> _Data excerpt_
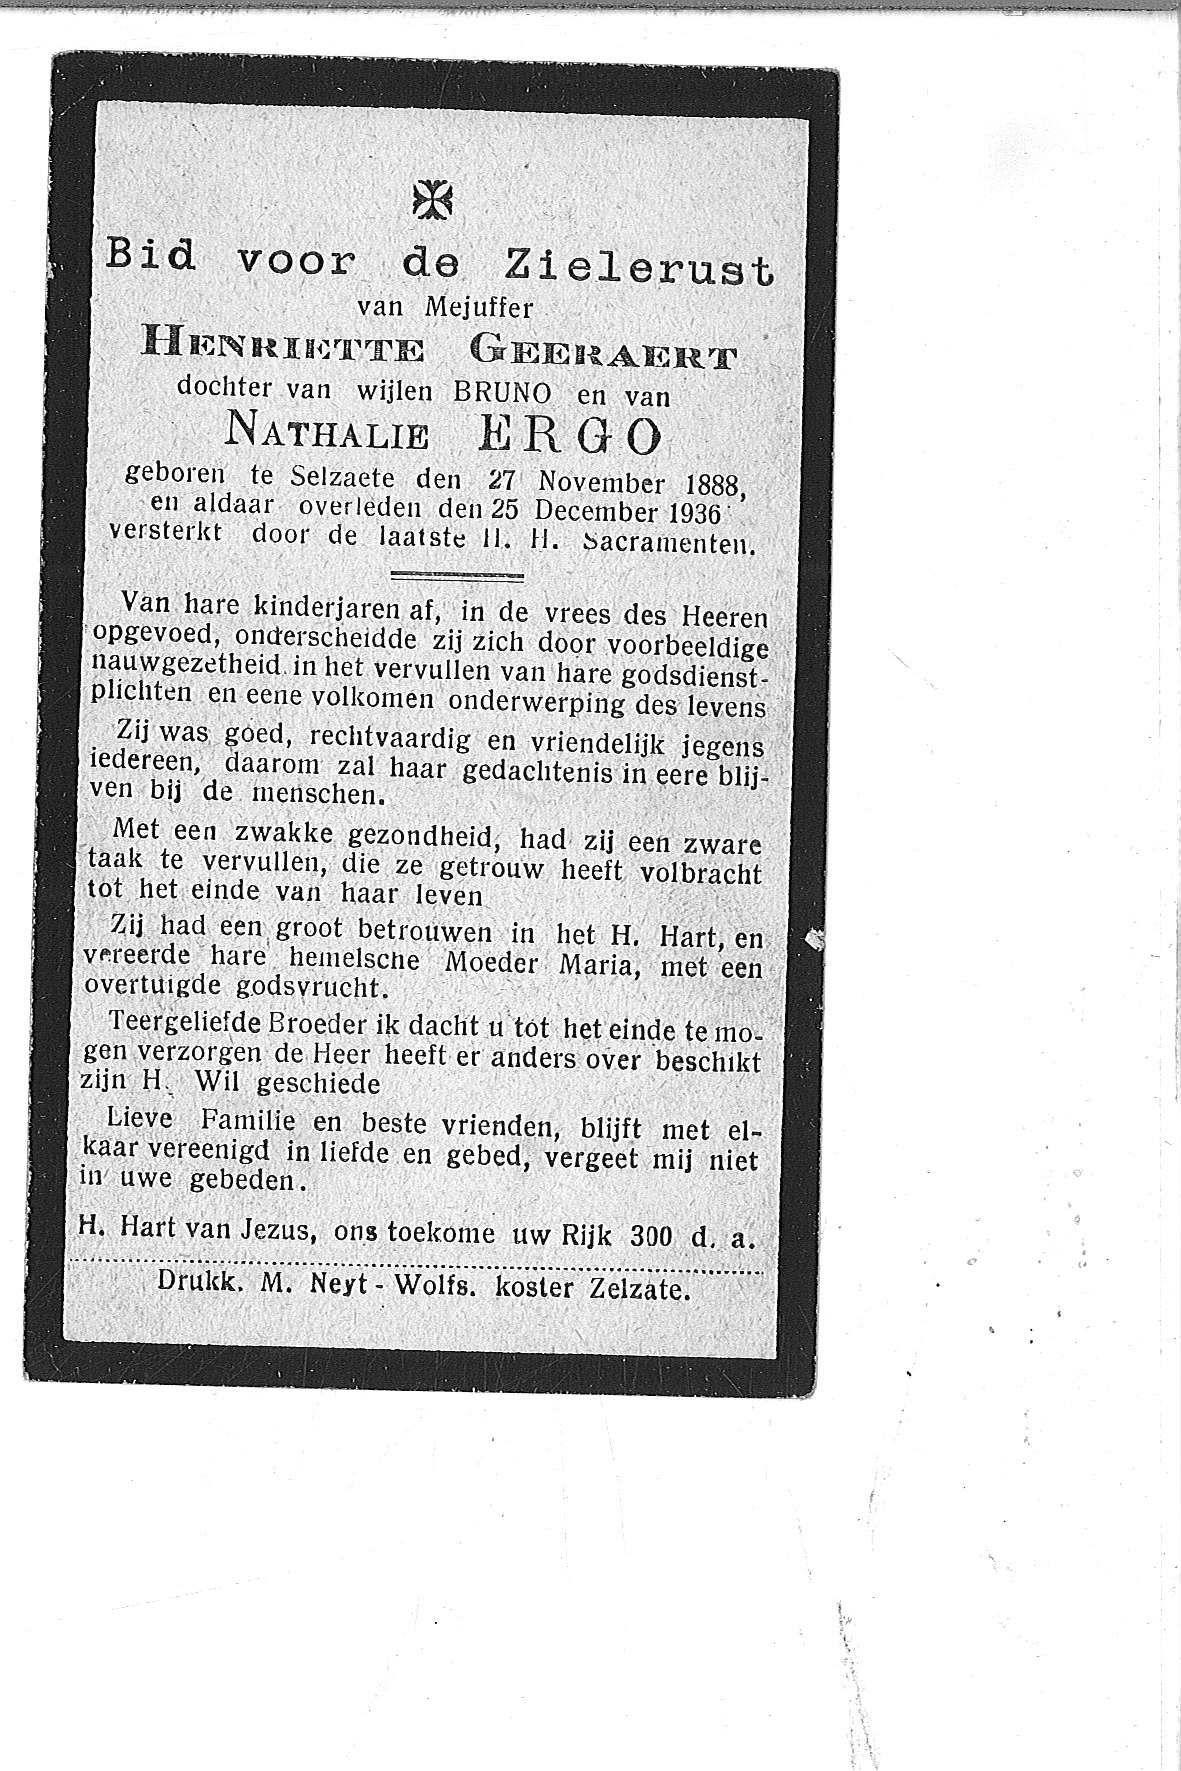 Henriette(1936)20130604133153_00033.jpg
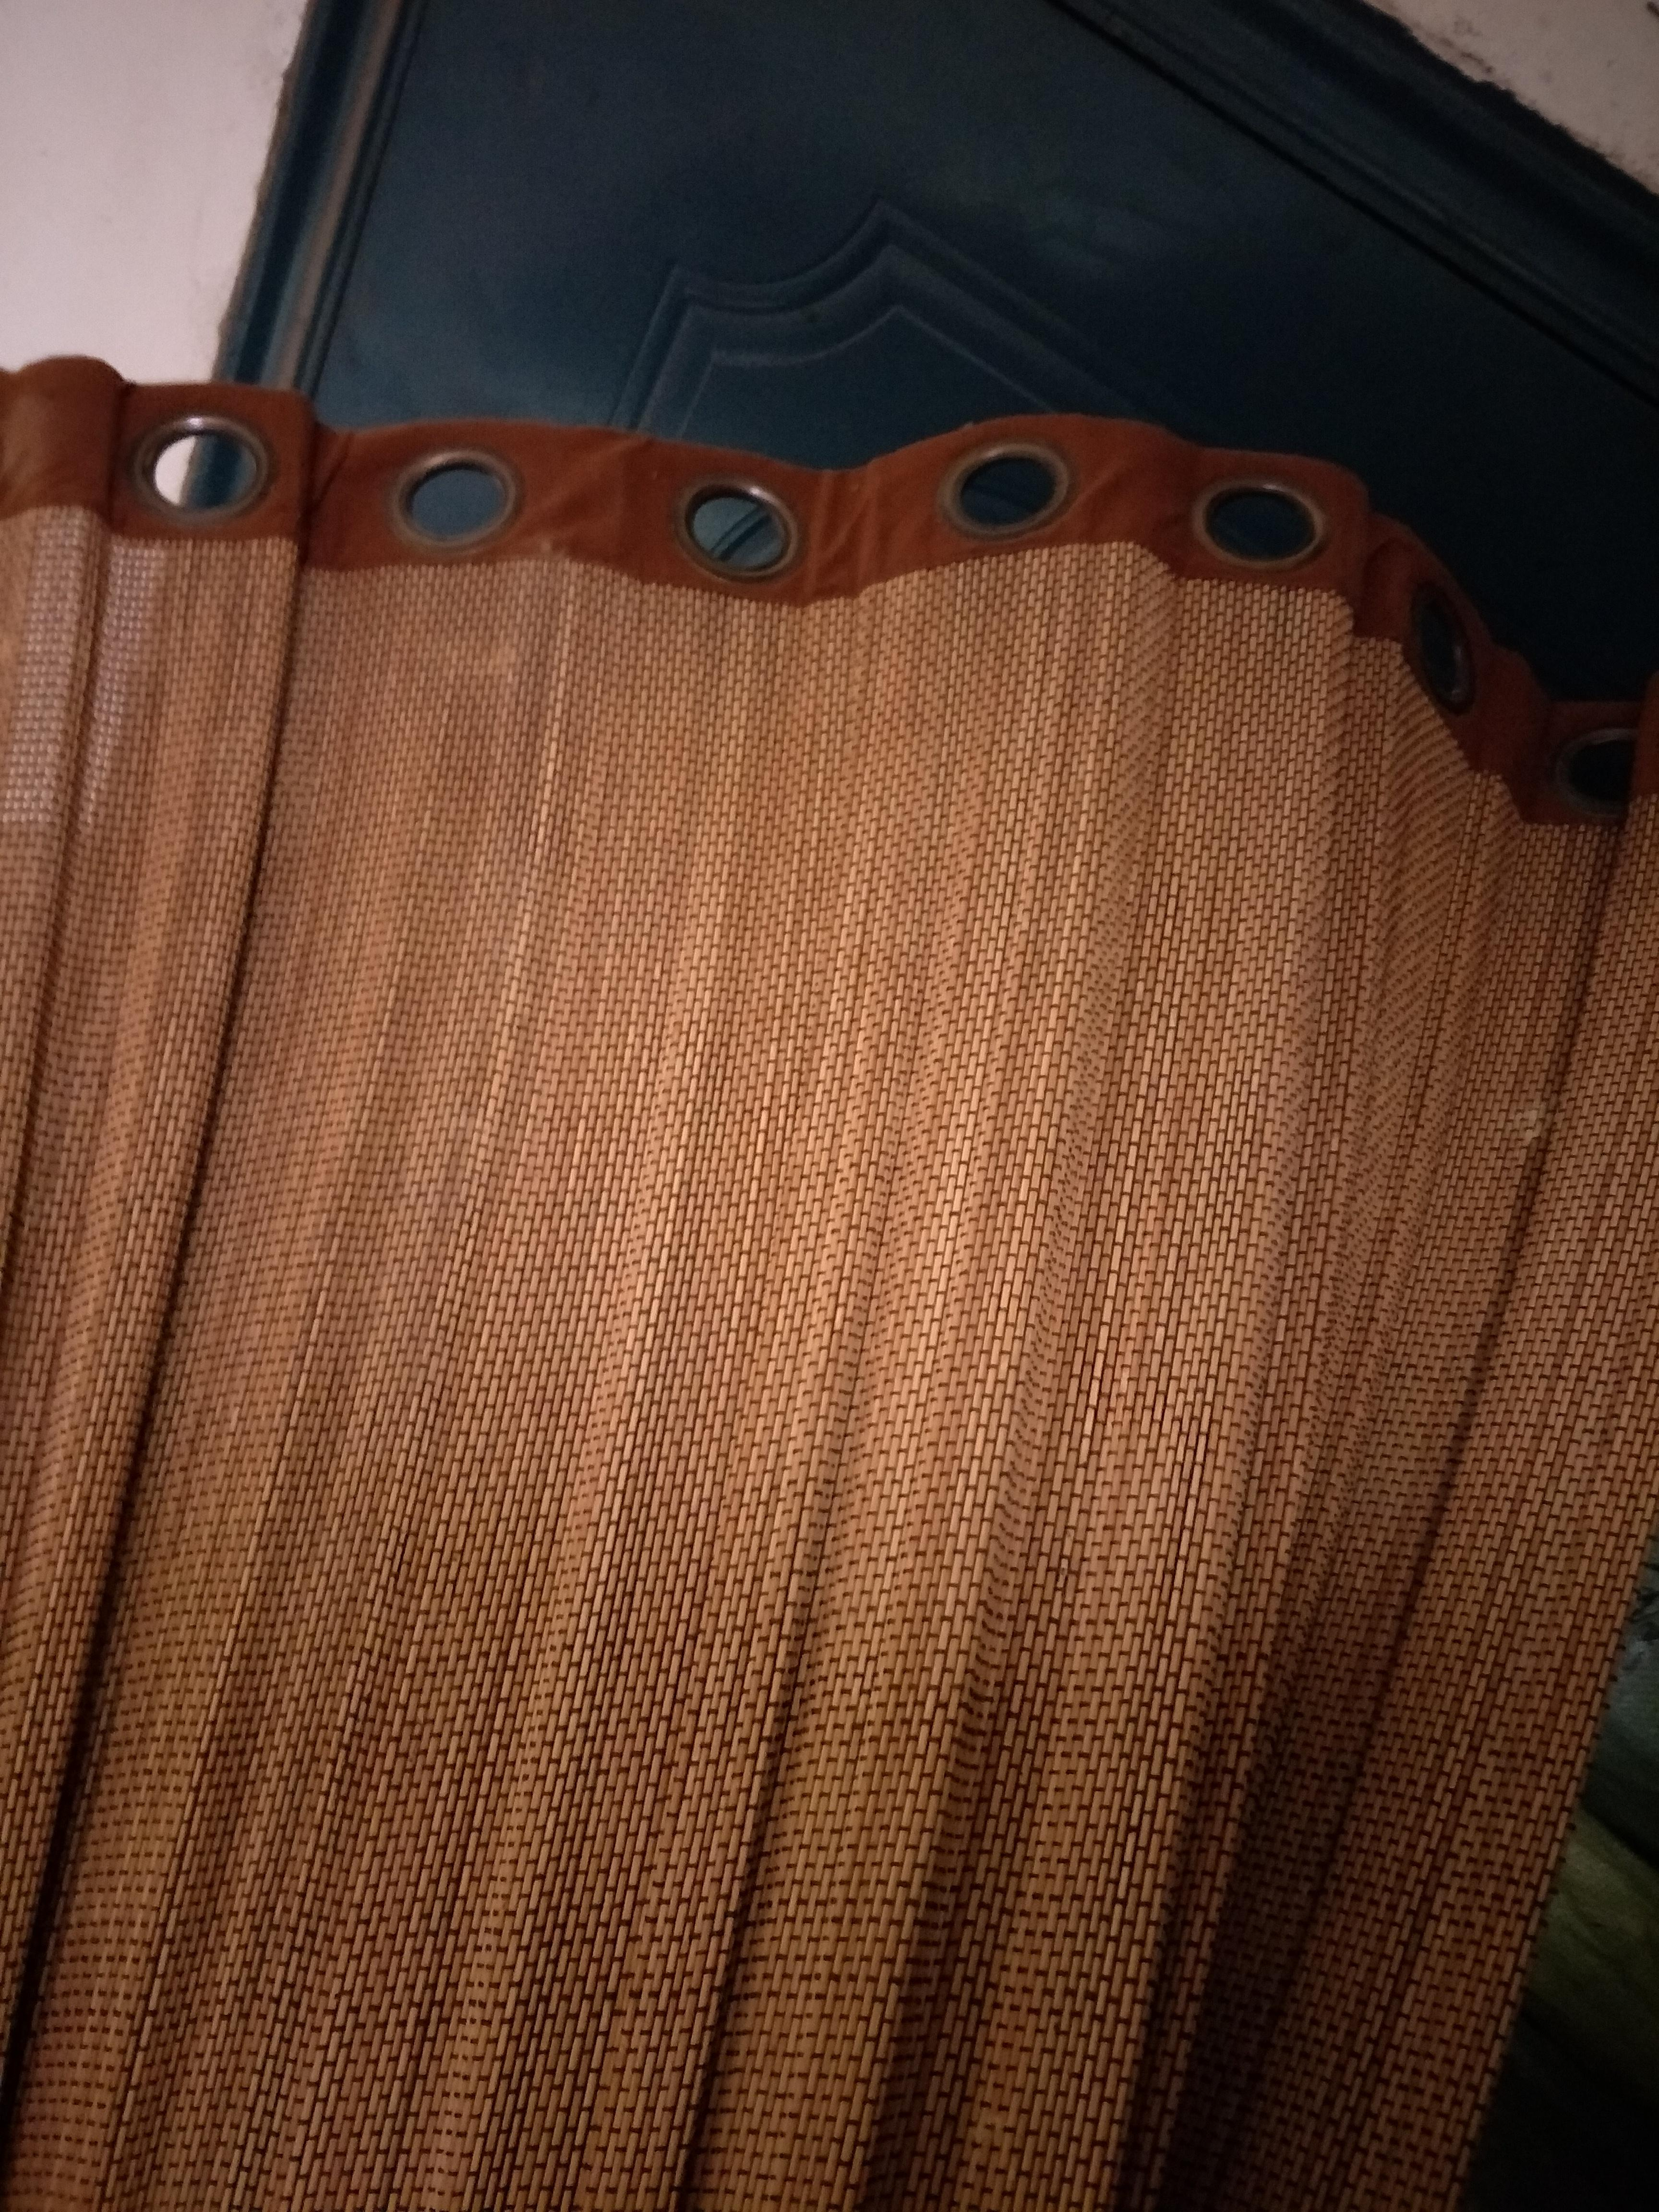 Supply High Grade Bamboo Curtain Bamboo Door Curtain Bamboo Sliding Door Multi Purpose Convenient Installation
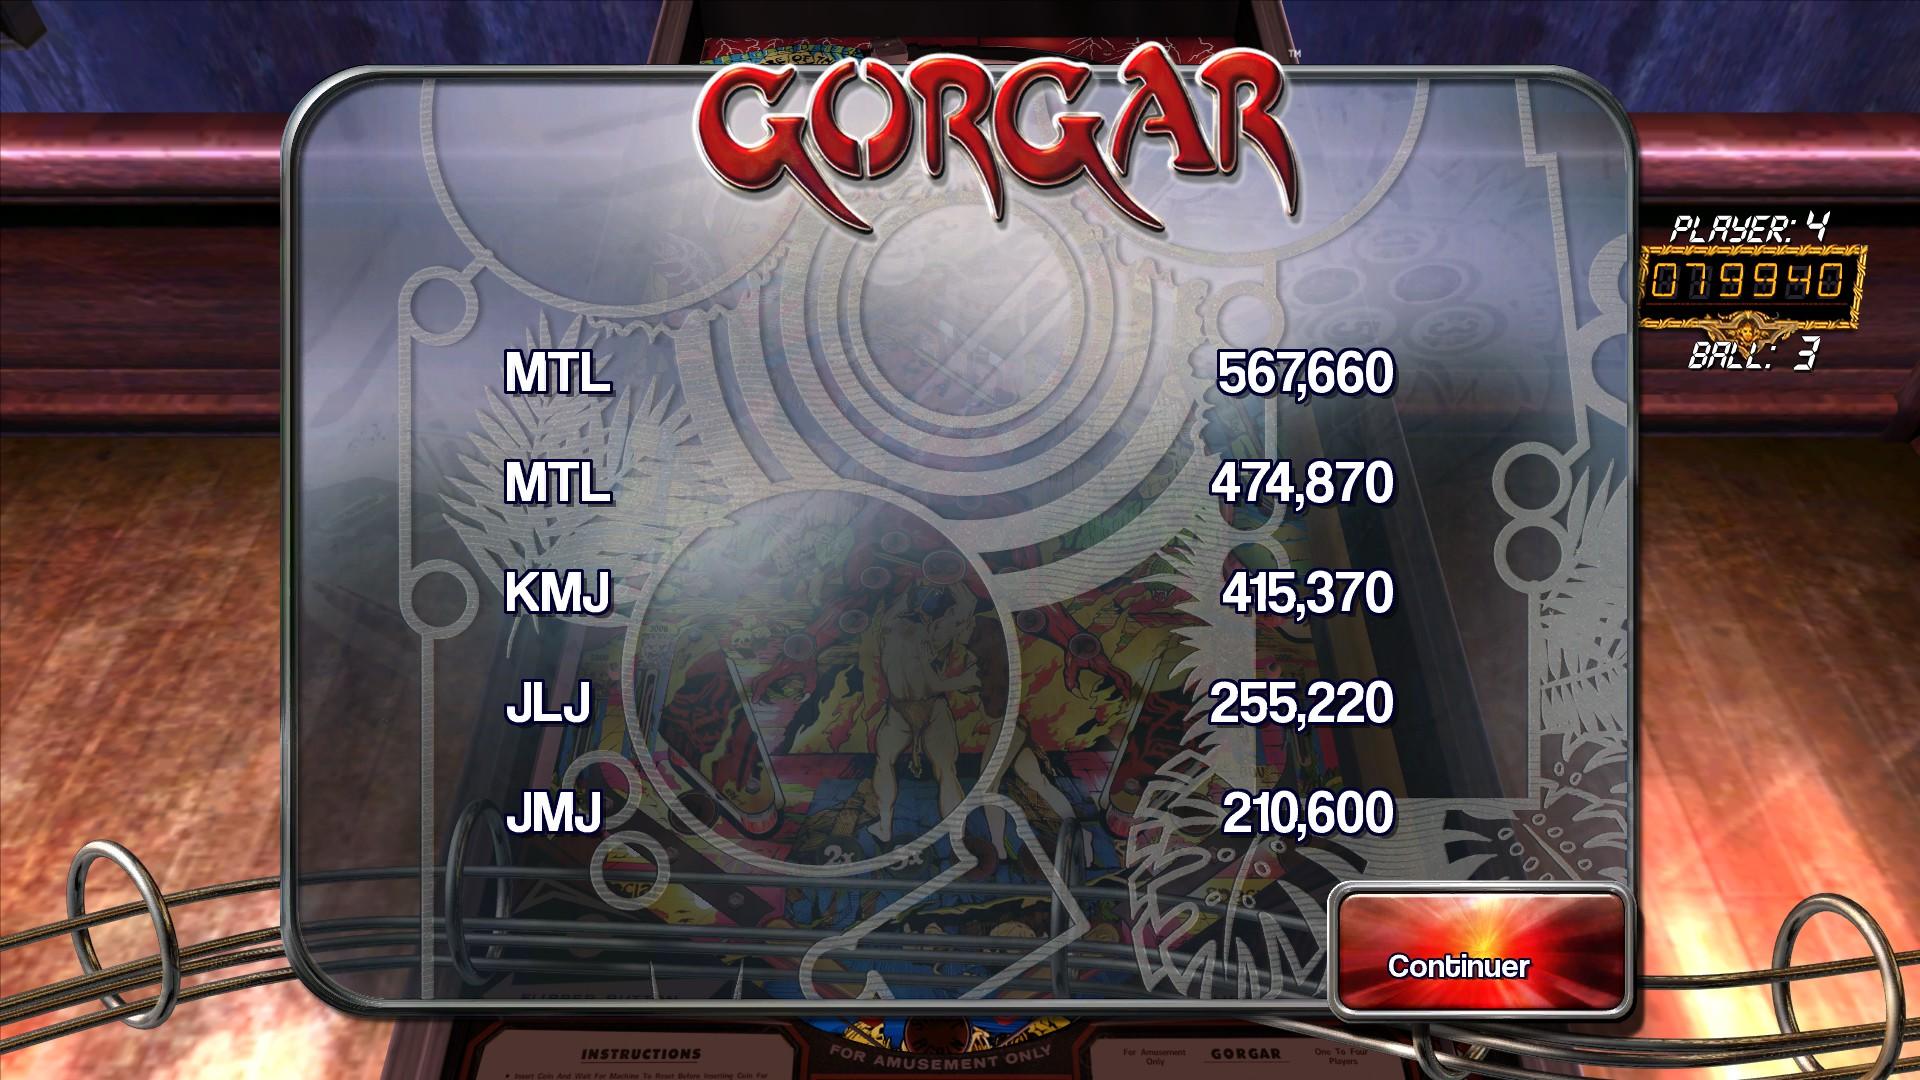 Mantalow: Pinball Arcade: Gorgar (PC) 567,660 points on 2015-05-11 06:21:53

> _Requirement_
The expected output is the material above, repeated exactly and free of pictures.

> _Answer for the task_
 Henriette(1936)20130604133153_00033.jpg
 Supply High Grade Bamboo Curtain Bamboo Door Curtain Bamboo Sliding Door Multi Purpose Convenient Installation
 Mantalow: Pinball Arcade: Gorgar (PC) 567,660 points on 2015-05-11 06:21:53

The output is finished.